■ **PROBLEM REQUIREMENTS**: Each word in the data below should be copied exactly; the images should not.

■ **INFORMATION SUPPLIED**:
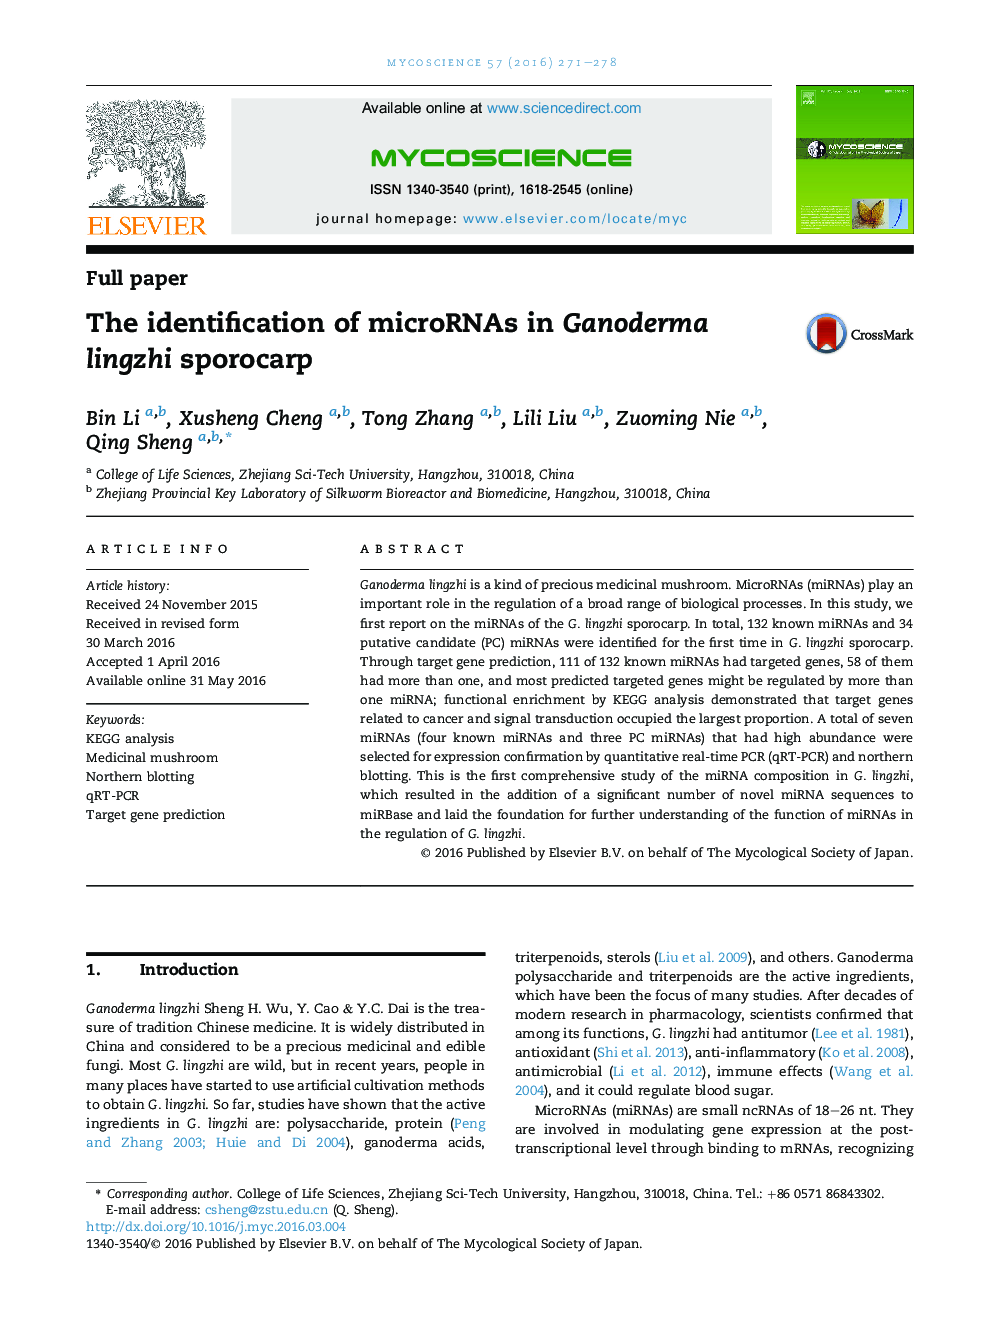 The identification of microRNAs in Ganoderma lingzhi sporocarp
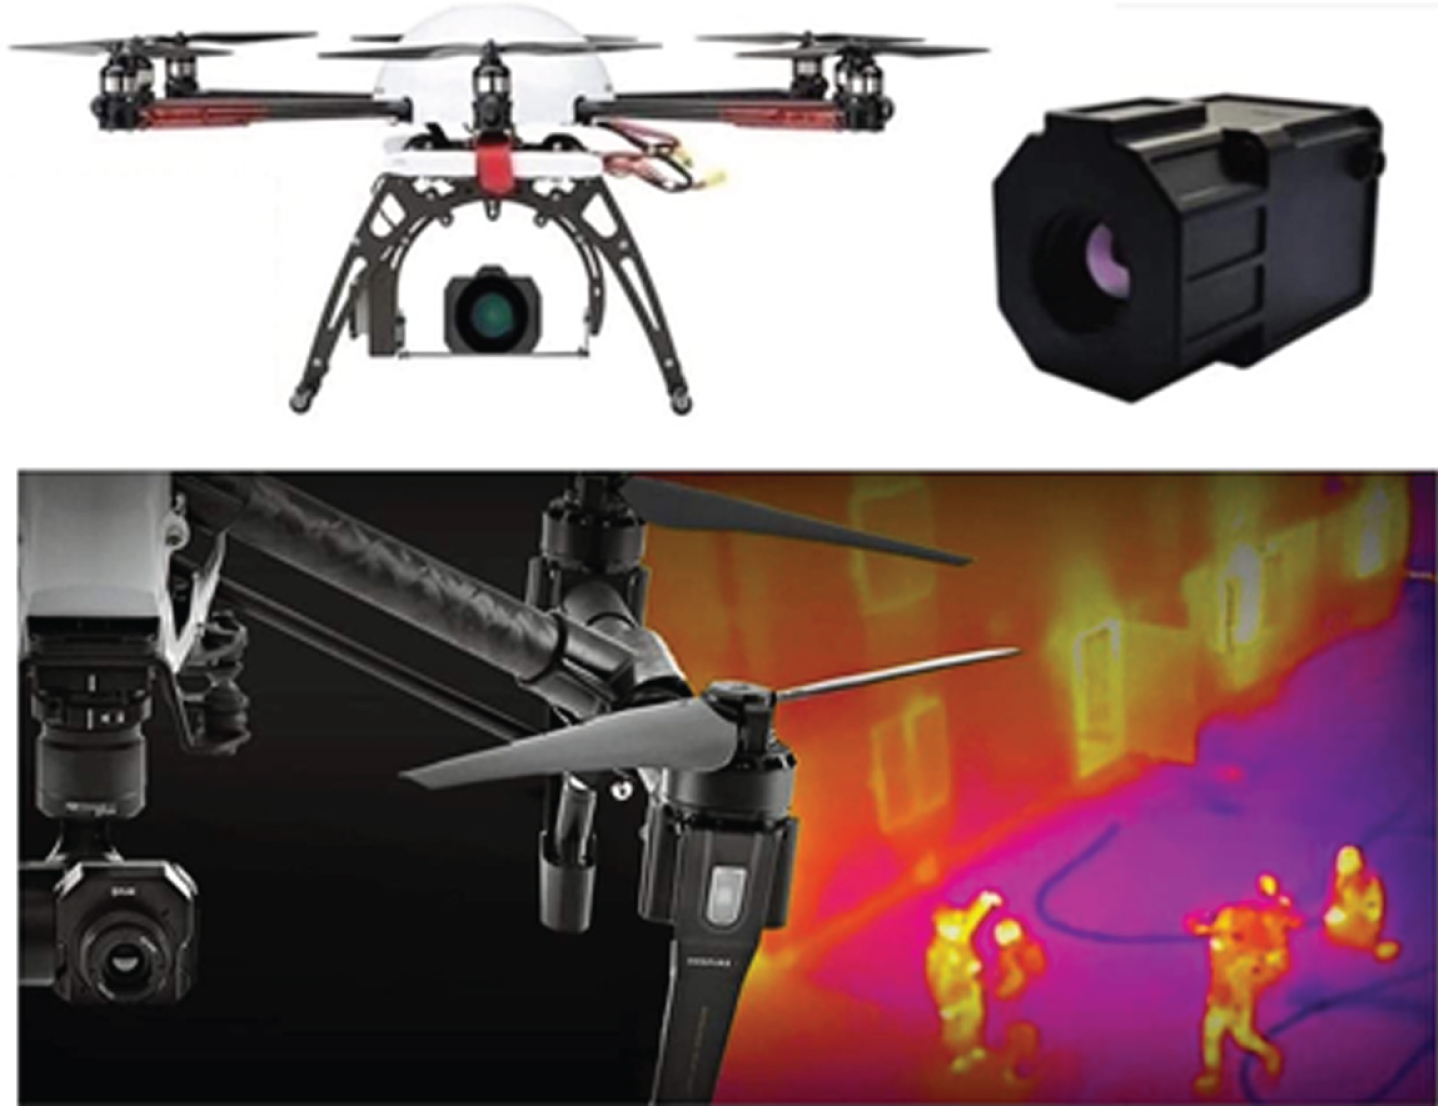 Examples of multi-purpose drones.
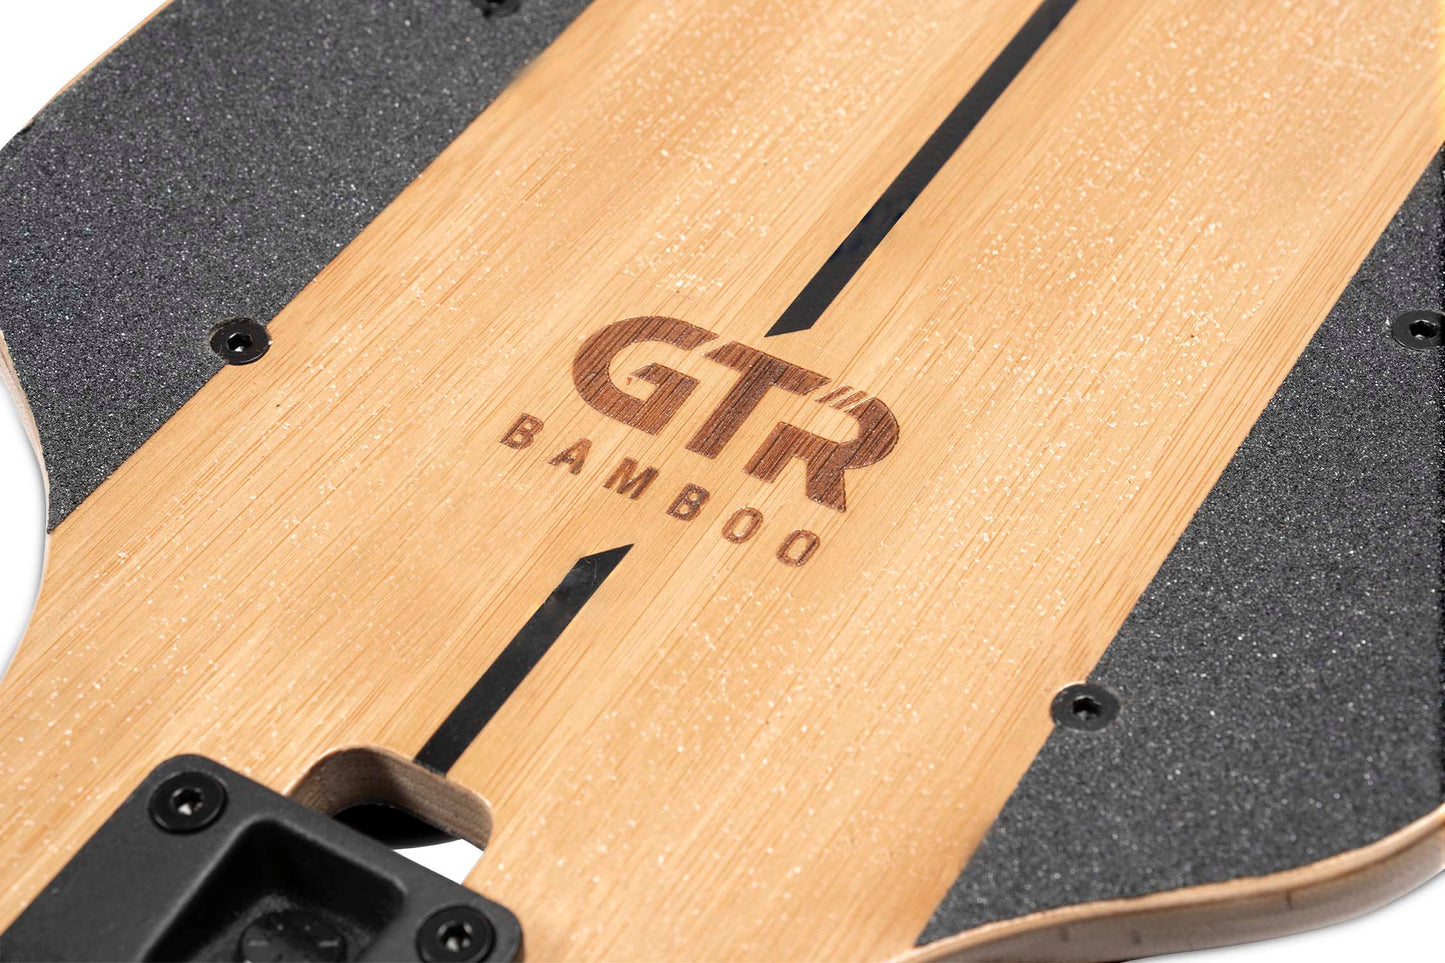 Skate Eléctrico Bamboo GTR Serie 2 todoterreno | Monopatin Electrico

■ **SOLUTION**:
 The identification of microRNAs in Ganoderma lingzhi sporocarp
 Examples of multi-purpose drones.
 Skate Eléctrico Bamboo GTR Serie 2 todoterreno | Monopatin Electrico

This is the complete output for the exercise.